• **Work order**:
Using only the entries below, copy exactly the lines that begin at the one with "Woodwick At The" and end at the one with "Sounds from the", both included. Drop the pictures.

• **Data section**:
-- -- --

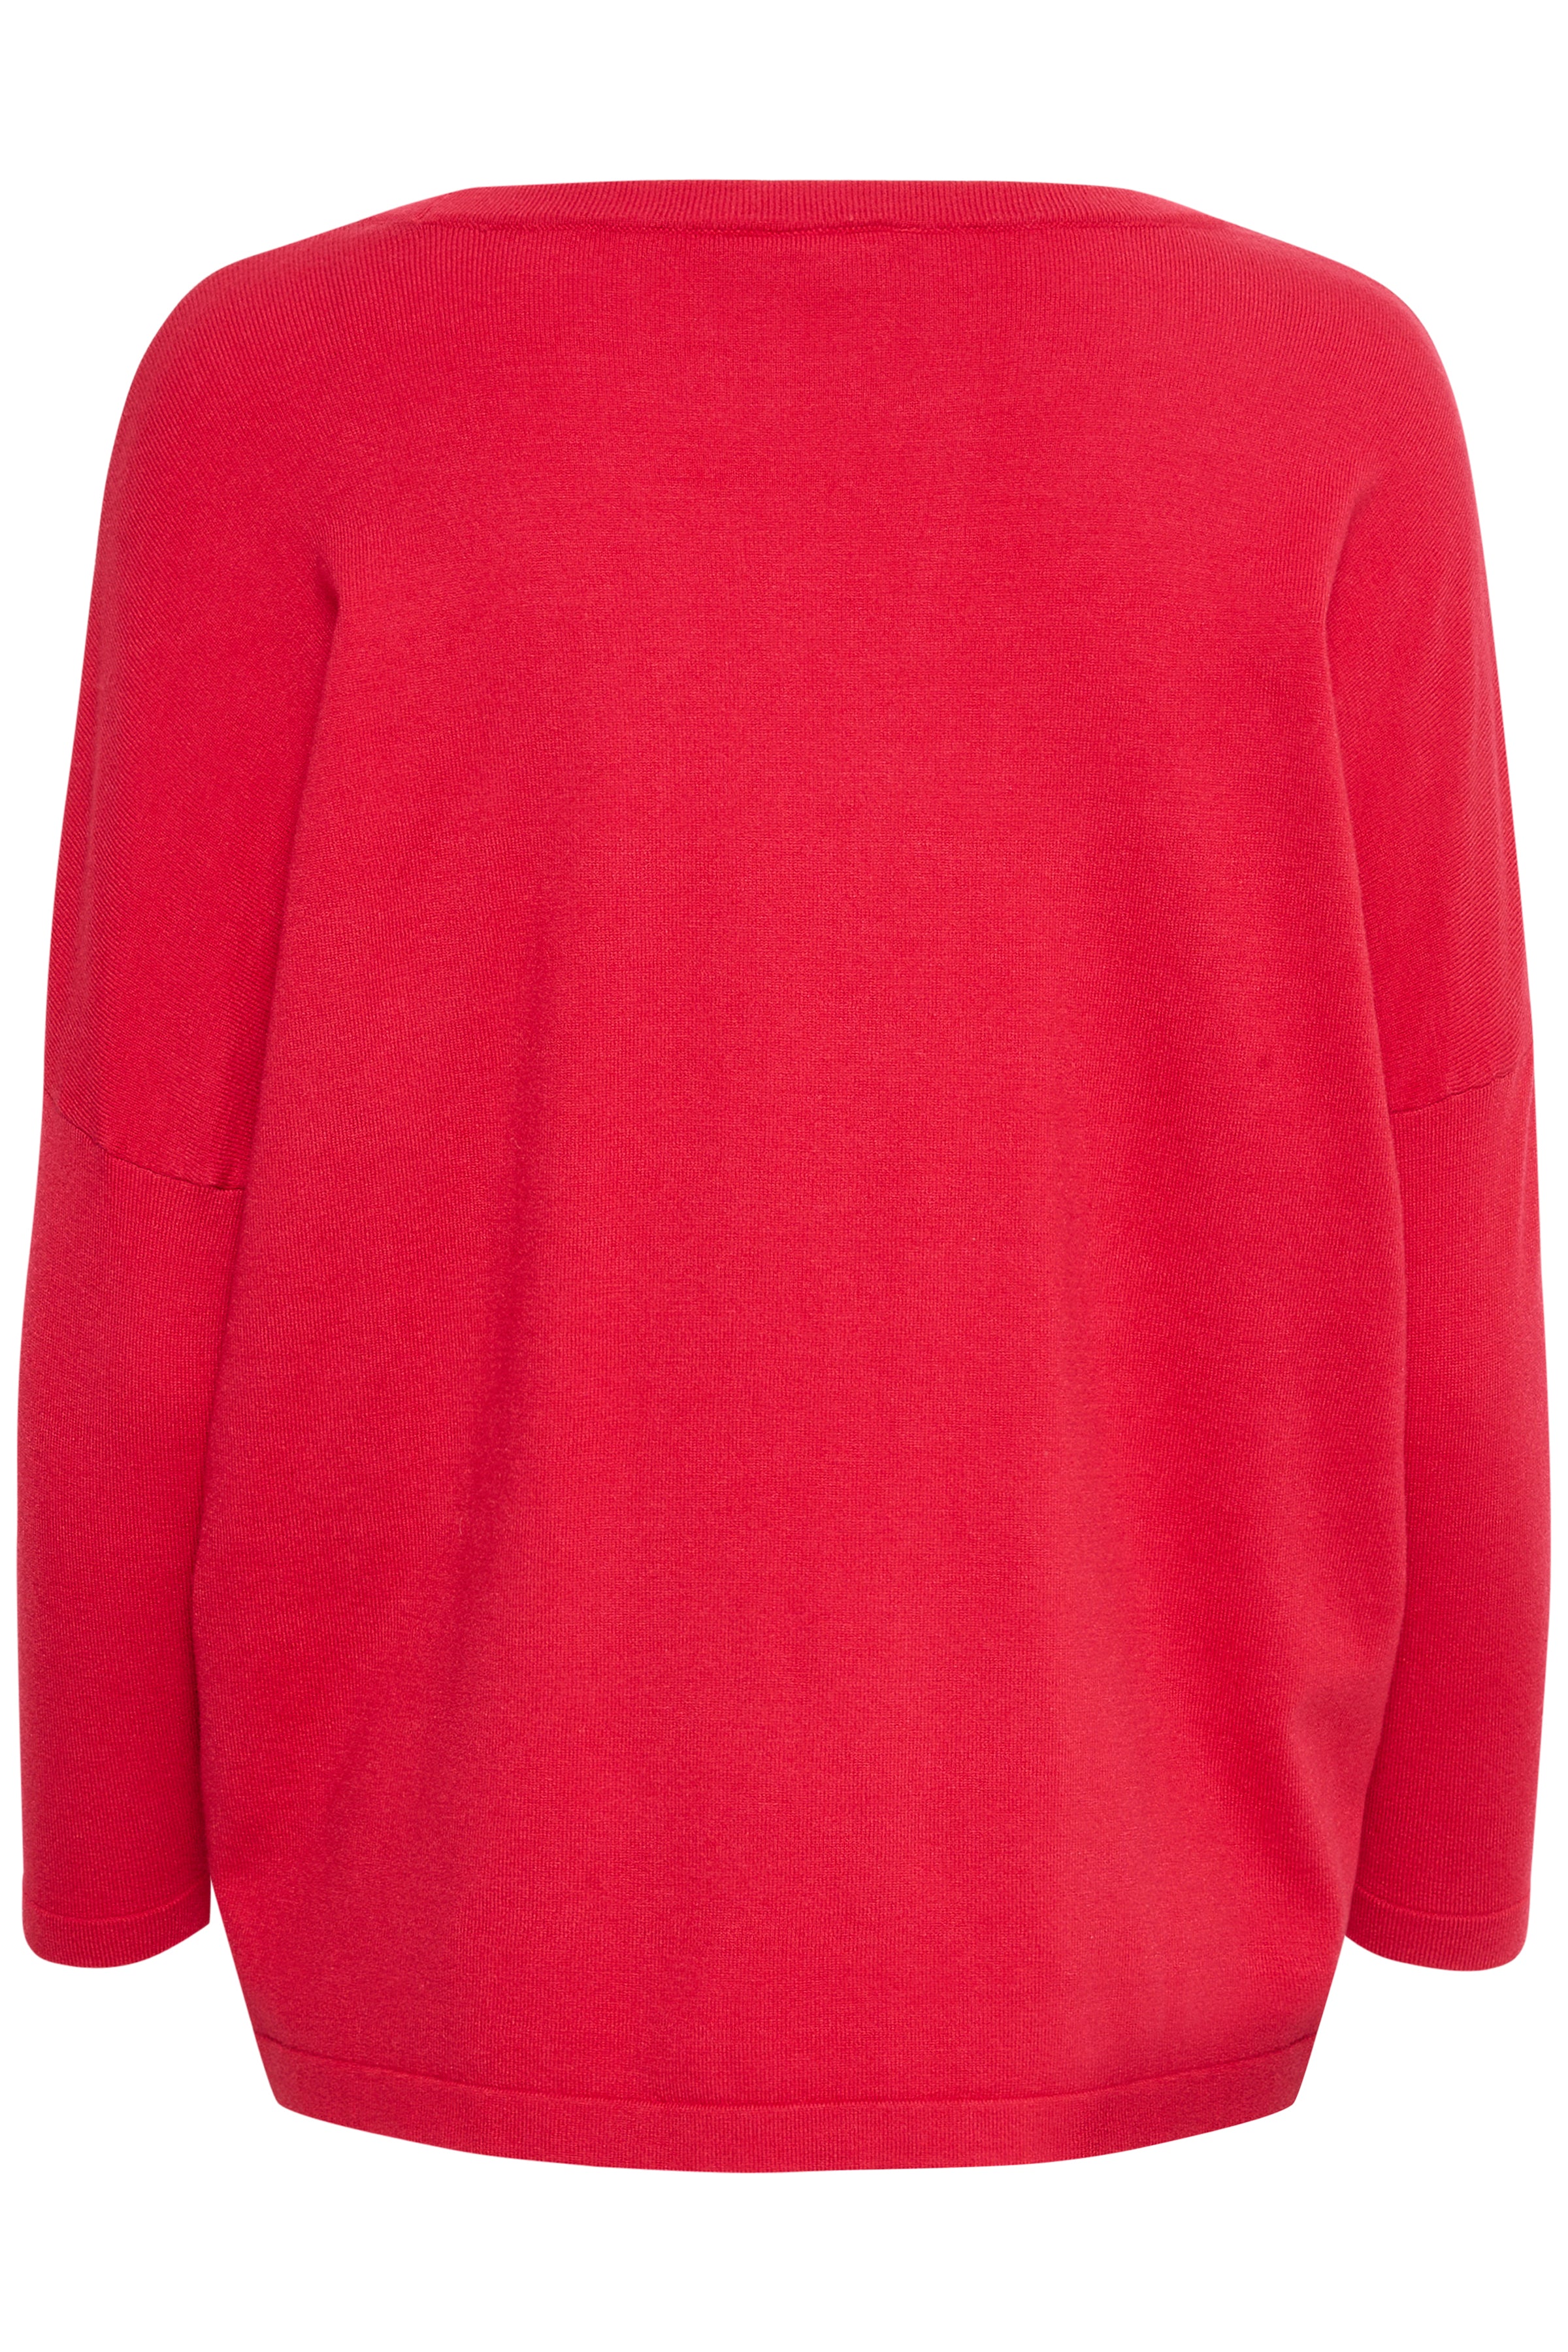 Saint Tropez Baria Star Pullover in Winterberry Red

-- -- --

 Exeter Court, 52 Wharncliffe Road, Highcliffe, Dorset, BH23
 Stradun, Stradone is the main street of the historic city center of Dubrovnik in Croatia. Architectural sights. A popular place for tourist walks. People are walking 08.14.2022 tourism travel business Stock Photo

-- -- --

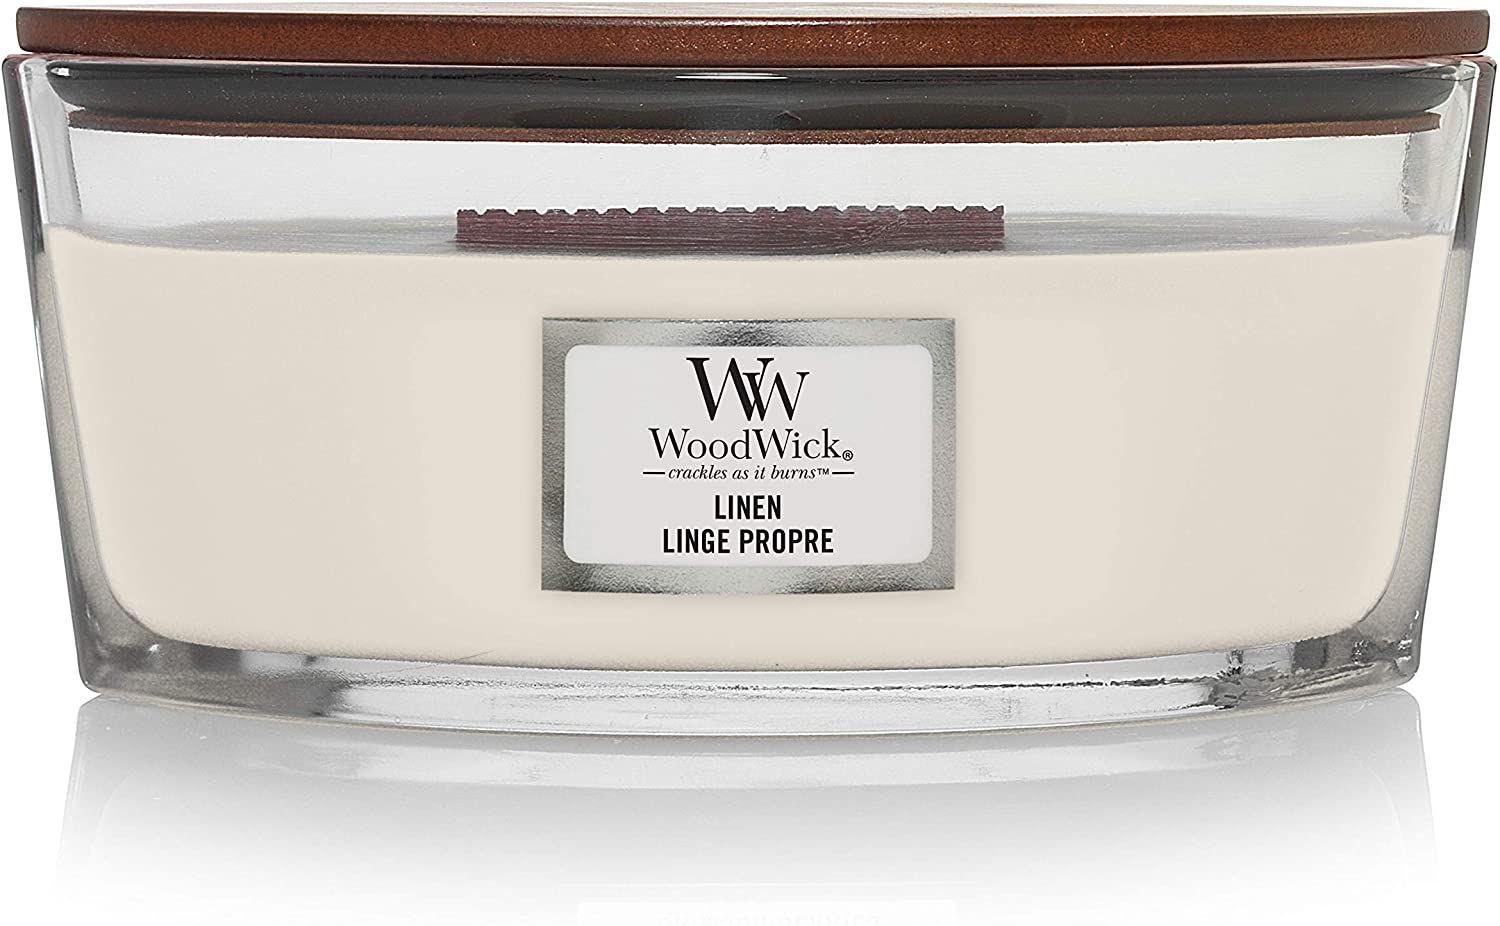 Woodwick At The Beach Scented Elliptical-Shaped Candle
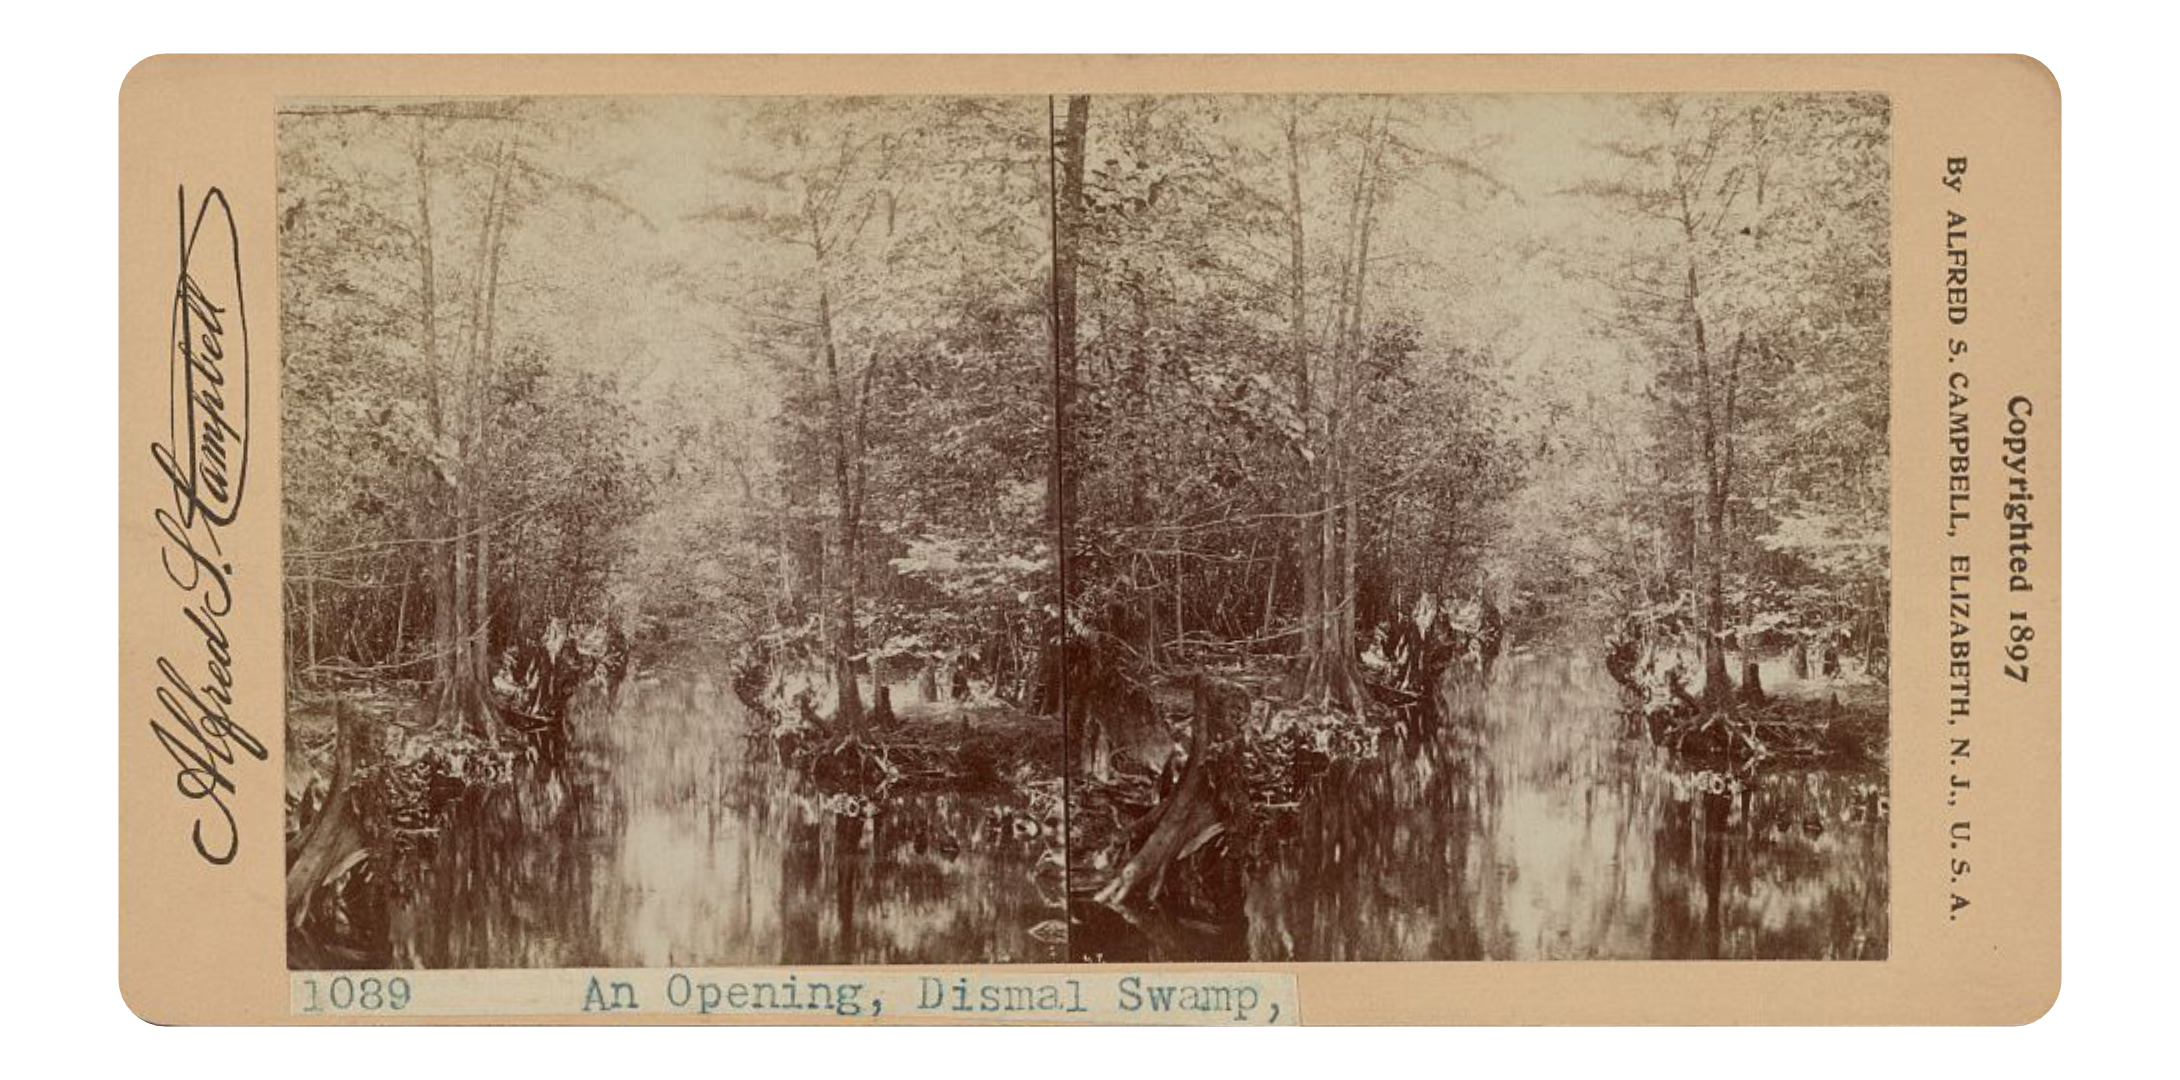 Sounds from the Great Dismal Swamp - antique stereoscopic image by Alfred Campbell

-- -- --

• **Output**:
 Woodwick At The Beach Scented Elliptical-Shaped Candle
 Sounds from the Great Dismal Swamp - antique stereoscopic image by Alfred Campbell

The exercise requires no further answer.